Keith Waddell discusses the potential impact of starting the year at the midpoint and how it may scale over the course of the year. He mentions negative leverage on the talent solutions side due to not cutting headcount, but keeping capacity for when things improve. He also discusses the expected improvement in margins for Protiviti over the course of the year. In response to a question about the aggressive pricing of the big four and cost increases, Waddell suggests that the company may be able to recover some of these costs throughout the year.

Keith Waddell, a representative from Protiviti, explains that the company's gross margins are affected by various factors such as bill rate increases, employee and contractor mix, and the ratio of higher level managing directors to lower level consultants. The company has successfully managed these levers to increase their margins in 2023. Waddell also mentions that Protiviti has seen strong demand from banks for regulatory compliance and remediation services, but there has been some pressure on the internal audit work due to cost-cutting measures.
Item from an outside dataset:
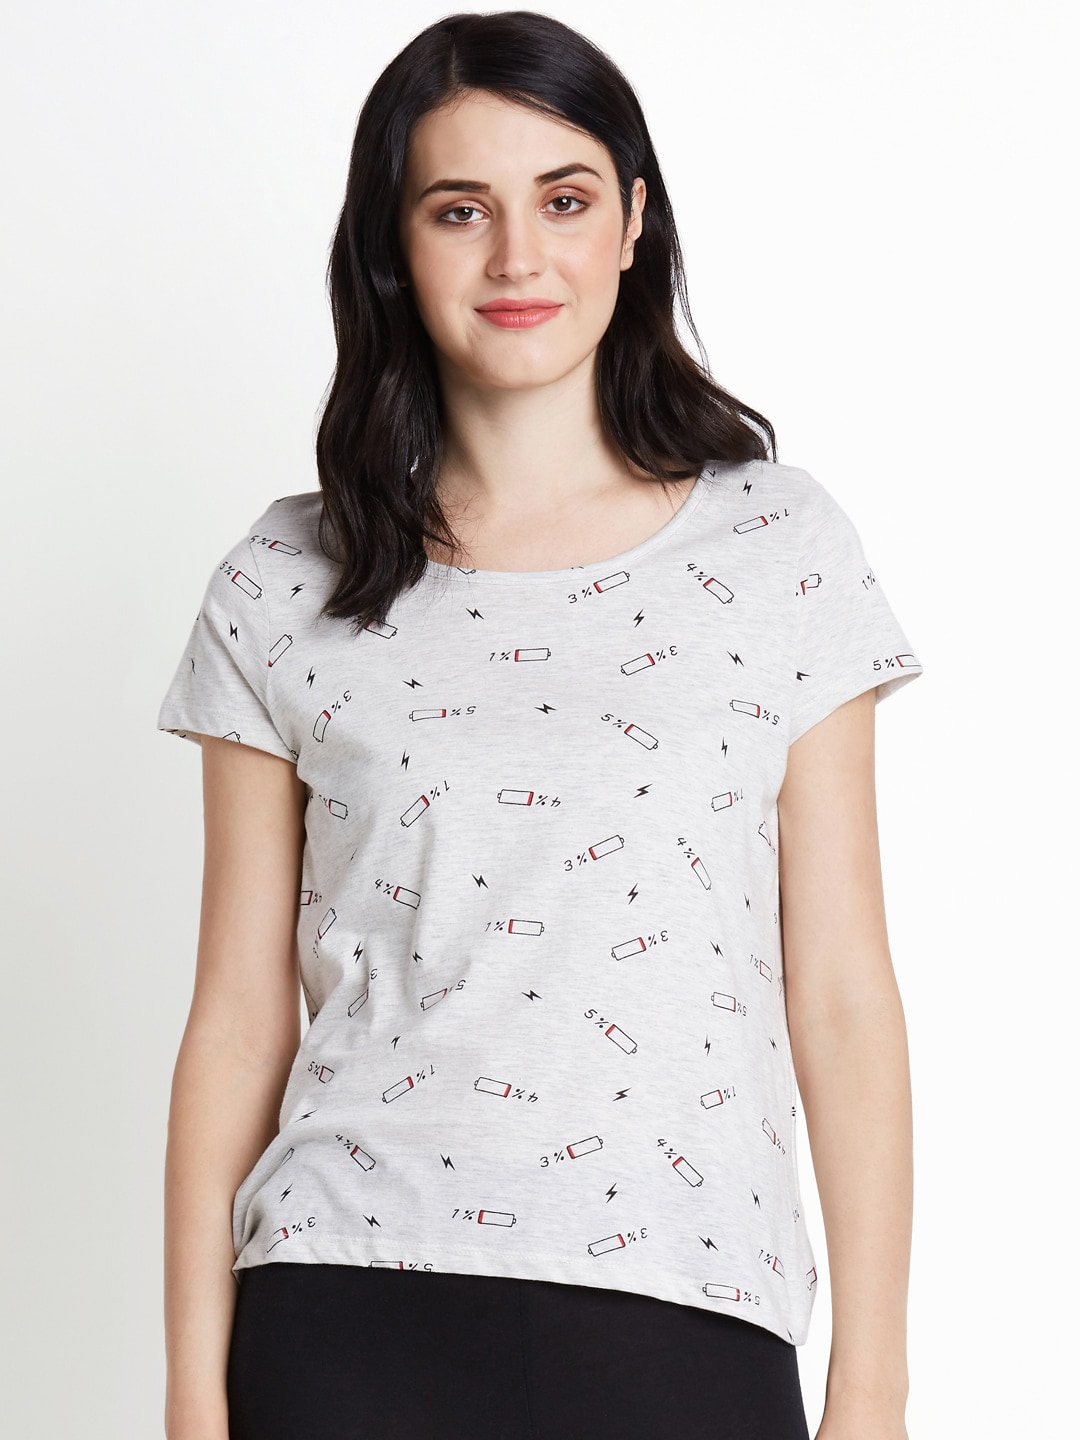 Dreamz by Pantaloons Women Grey Printed Round Neck Lounge T-shirt Price in India

The financial services industry for Protiviti, which includes regulatory risk and compliance as well as internal audit, saw single digit growth in the overall package. However, there were two different pieces to this growth, with one growing nicely and the other being impacted by cost measures from big banks. During the Q&A session, the company was asked about their bill rates and fee assumptions for 2024, to which they responded that they expect wage rate increases to continue moderating, resulting in a moderation of bill rates as well. However, their gross margin percentage should remain intact. The biggest factor affecting gross margins was the conversion of contractors to full-time employees, which was down from the previous year. The breakdown of Protiviti's underlying businesses showed that regulatory risk and compliance had the strongest growth, while technology consulting was flat and internal audit was down mid-single digits.

In the first quarter, business process improvement was down by double digits, but the public sector saw some positive results due to understaffing in state and local governments and education. This contributed to above-trend optimism in the first quarter. The call has now ended and a replay will be available on the company's website.

This summary was generated with AI and may contain some inaccuracies.